How to parse malformed HTML in python, using standard libraries

Question

There are so many html and xml libraries built into python, that it's hard to believe there's no support for real-world HTML parsing.

I've found plenty of great third-party libraries for this task, but this question is about the python standard library.

Requirements:

Use only Python standard library components (any 2.x version)
DOM support
Handle HTML entities ( )
Handle partial documents (like: Hello, <i>World</i>!)

Bonus points:

XPATH support
Handle unclosed/malformed tags. (<big>does anyone here know <html ???
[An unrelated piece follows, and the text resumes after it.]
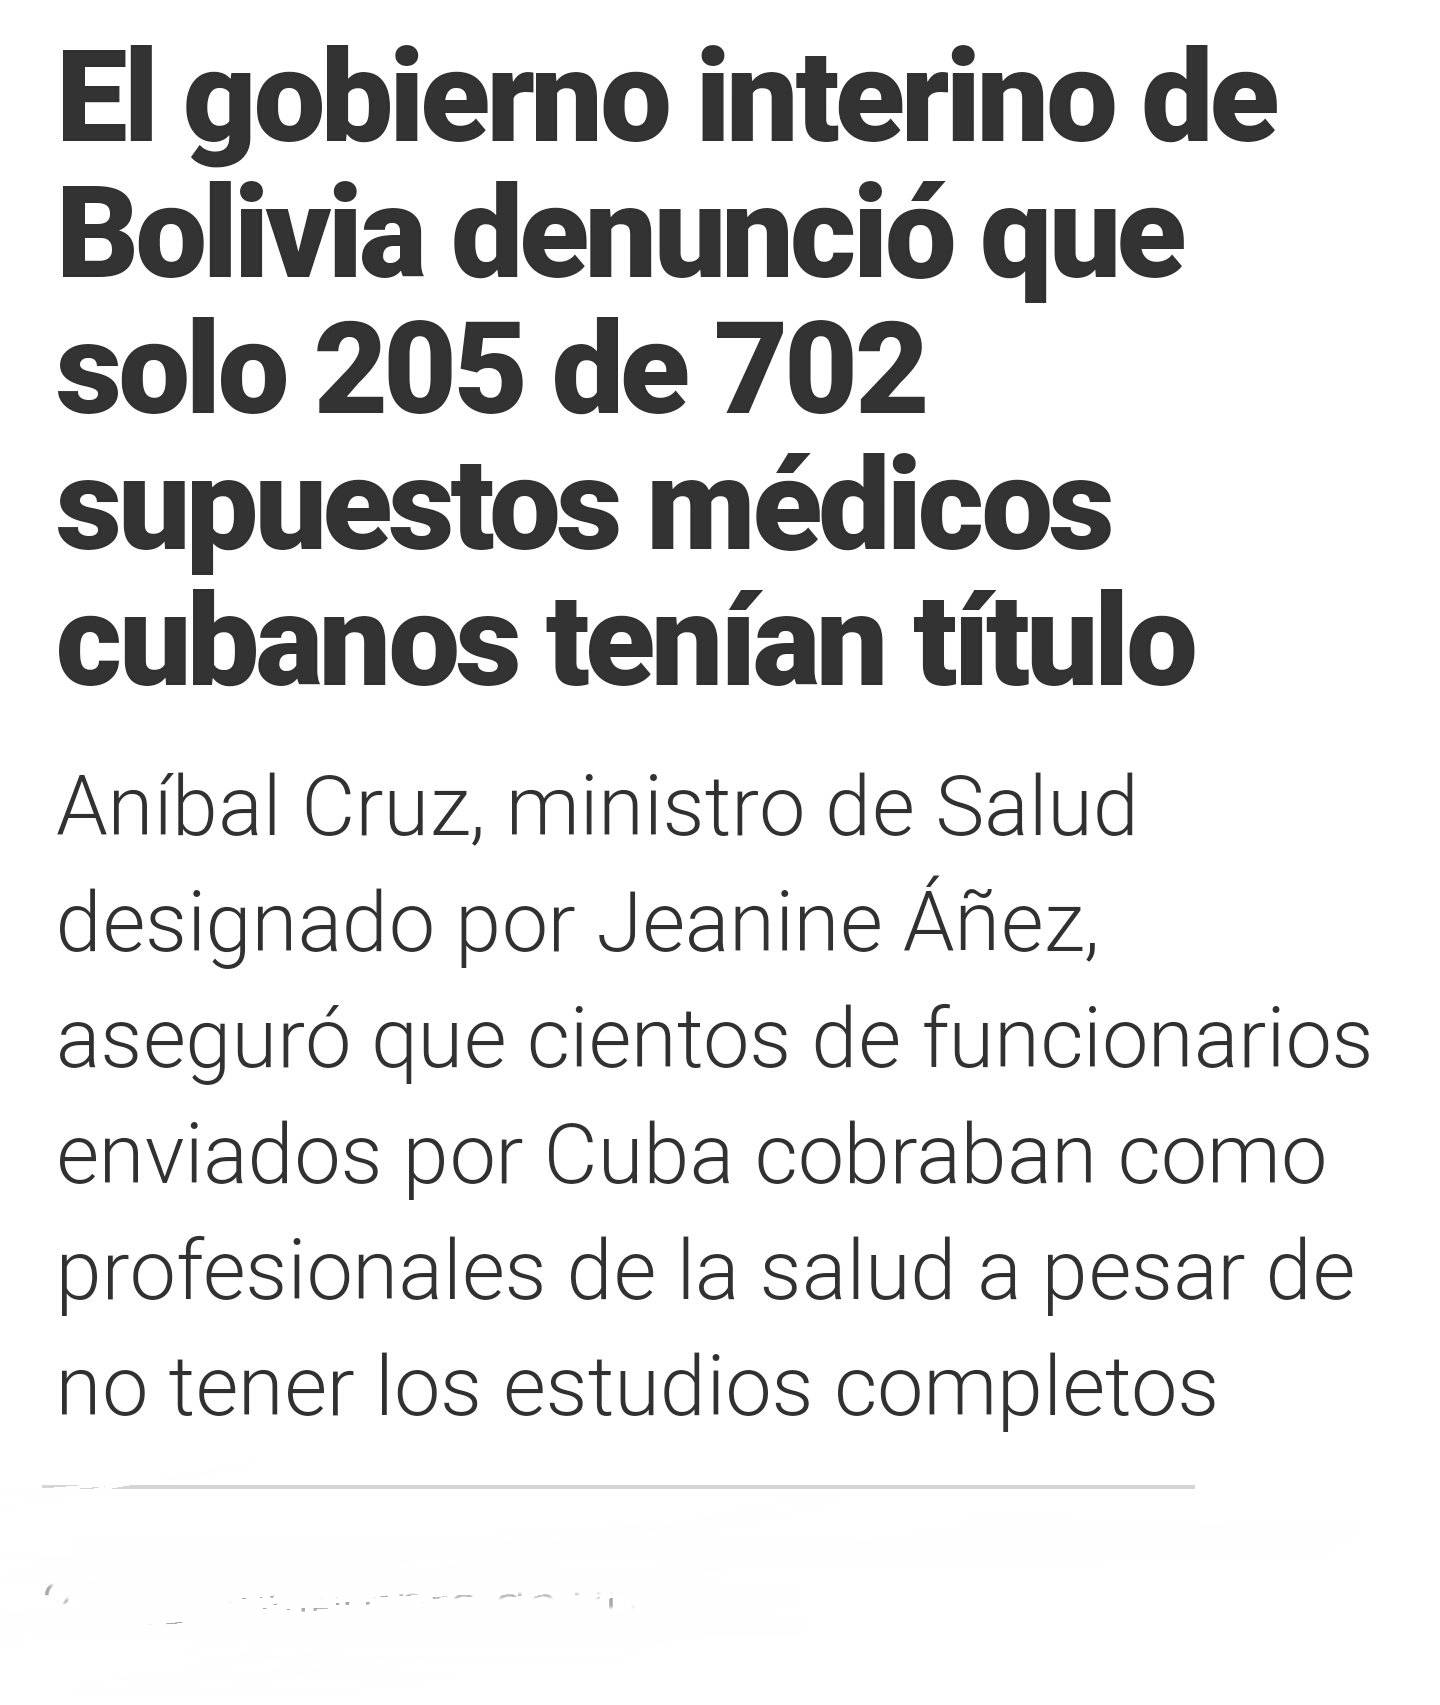 NO A LOS  ESPIAS CUBANOS EN ARG. DE 700 APENAS 200 TENIAN TITULO DE MEDICO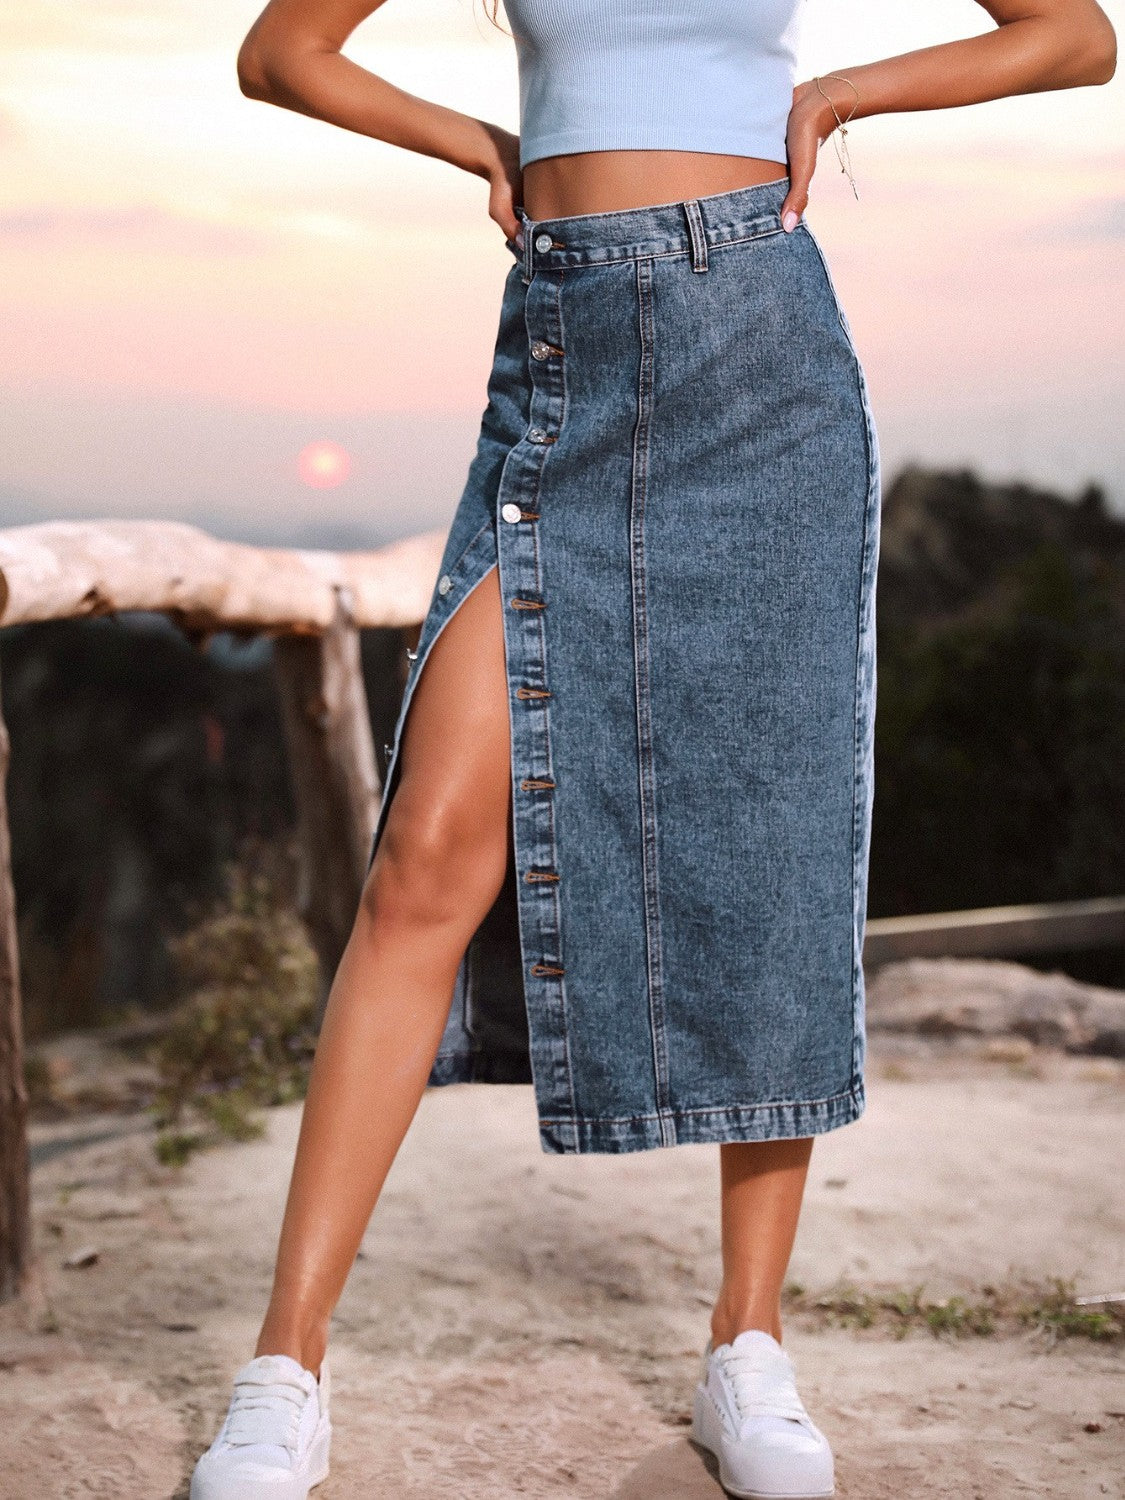 BCBG Max Azria Jeans Denim Skirt Women's 8 Front Slit Long Below Knee  Designer | eBay

Here's my 90% solution, as requested. This works for the limited set of HTML I've tried, but as everyone can plainly see, this isn't exactly robust. Since I did this by staring at the docs for 15 minutes and one line of code, I thought I would be able to consult the stackoverflow community for a similar but better solution...

from xml.etree.ElementTree import fromstring
DOM = fromstring("<html>%s</html>" % html.replace('&nbsp;', '&#160;'))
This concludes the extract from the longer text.